Fortunately the doctor asked her to lie down on the exam table and when lying down she grimaced and said it hurt. She pointed out to the doctor (at my insistence) where it was hurting. Then when she went to sit up again, the pain doubled her over. FINALLY!!!! I don't want my mother to hurt, of course, but finally a doctor has gotten a taste of the real pain she is suffering.
She suggested physical therapy which I would have suggested weeks ago, but her regular doctor never brought it up. I also asked about a pain patch (which Melissa at Atria had suggested). She agreed that also might be a good idea (also nothing her regular doctor recommended). So we have a first appointment for physical therapy later this month and we went to the pharmacy to get her "patch" only it turned out to be a cream, not a patch...and not a cream that needed a prescription. While we were leaving the exam room, my mother told me that the pain was running up and down her leg. I repeat ... ARRRGGGHHHHH!
At least we have something new to try.
I took her to iHOP for lunch and while her over-55 menu item (scrambled eggs, bacon and hash browns) looked to her too big to eat (she complained over and over again), she ate it all and said it tasted good. . Who knows when the last real meal she ate was.
I took her home the long way so we could drive by a lot of places with trees, since they give her such pleasure. She loved it and when we returned to Atria (which she did not recognize), she told me it had been a lovely drive.
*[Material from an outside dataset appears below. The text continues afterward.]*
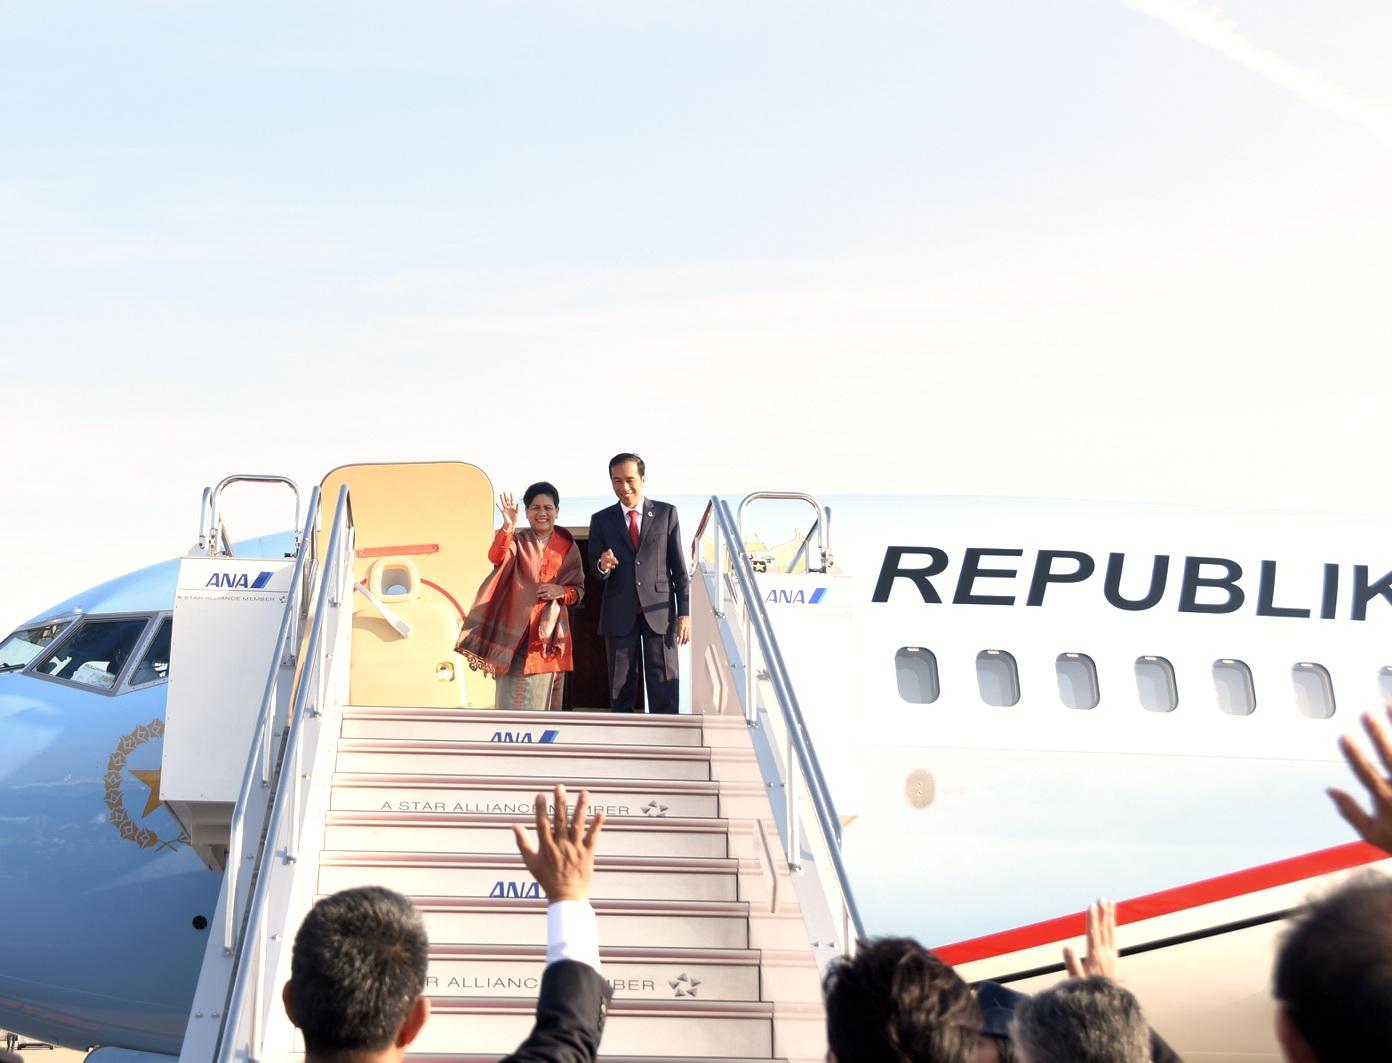 President Joko 'Jokowi' Widodo and First Lady Ibu Iriana Joko Widodo take off to Ambon to attend the Peak Commemoration of the 2017 National Press Day, in Ambon, Maluku, Thursday (9/2) morning.

When we headed back to her apartment, she was in great pain and she was kind of holding onto the railing on the left side of the hall and I pointed out that if she kind of leaned on it, it could take the pressure off of her back and she would have less pain. She agreed and immediately let go of the railing and walked in the middle of the aisle. She really, REALLY doesn't want to think she needs assistance!!!
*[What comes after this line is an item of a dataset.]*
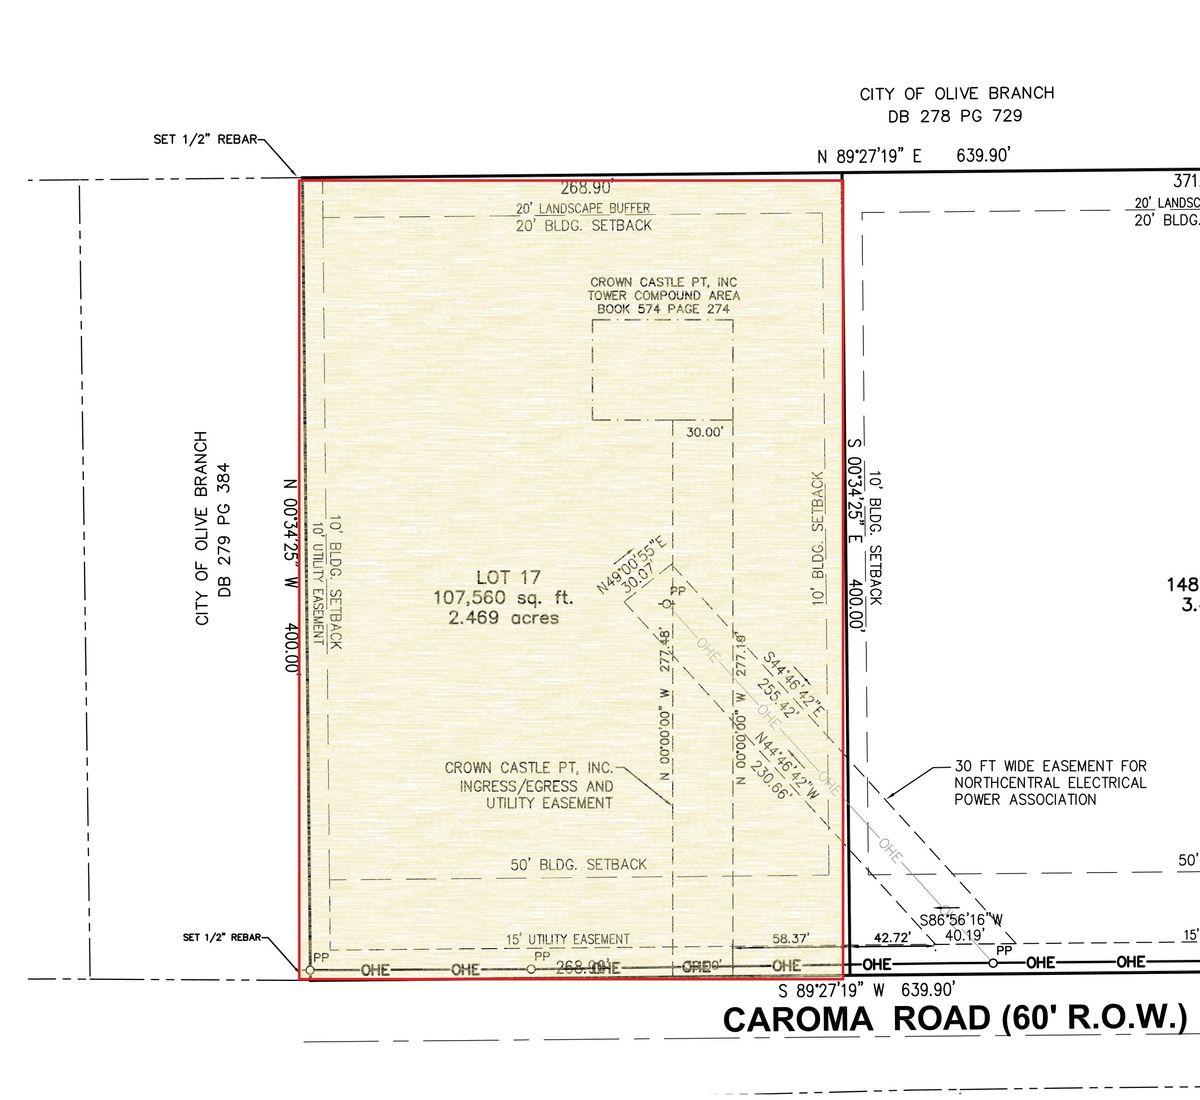 8806 Caroma Rd, Olive Branch, MS

I keep trying to think what it must be like to be inside her head. When we got back today, she sat in her chair and asked where we were going next. I told her I was going home and that she was going to stay there. "Is this my home?" she asked I told her it was. She looked around and said she didn't recognize anything, but when I pointed out the flowers she always tells me she loves many times while I'm visiting, she thought she remembered them. I can't imagine how terrifying it must be to never be sure where you are, to never recognize anything around you. My heart aches for her.
This evening, we received e-mail from Marta asking about Thanksgiving plans. I hadn't thought of that holiday looming (plus Christmas) and I realized that I am so depressed about what is going on with my mother that I can't even begin to think about the holidays. My mother won't realize it is a holiday, but if we do nothing with/for her, she will get her feelings hurt, but I am remembering our attempt to bring her Thanksgiving last year and the whole idea of having us there for the holiday made her sick to her stomach, so we ended up having an impromptu Thanksgiving dinner here instead. I just want someone else to decide what, if anything, we are going to do. I can't even begin to think about planning a holiday right now.
Thanksgiving 2010. How I wish the mother in this picture were still around to enjoy a holiday. She doesn't smile like this, she doesn't know she has a great granddaughter (let alone two of them), and she has never seen the sweatshirt she is wearing in this picture. (After she tried to throw it away and I showed her pictures of herself wearing it, she didn't throw it away, but it is hidden in the back of her closet and I know she will never wear it again). I miss her.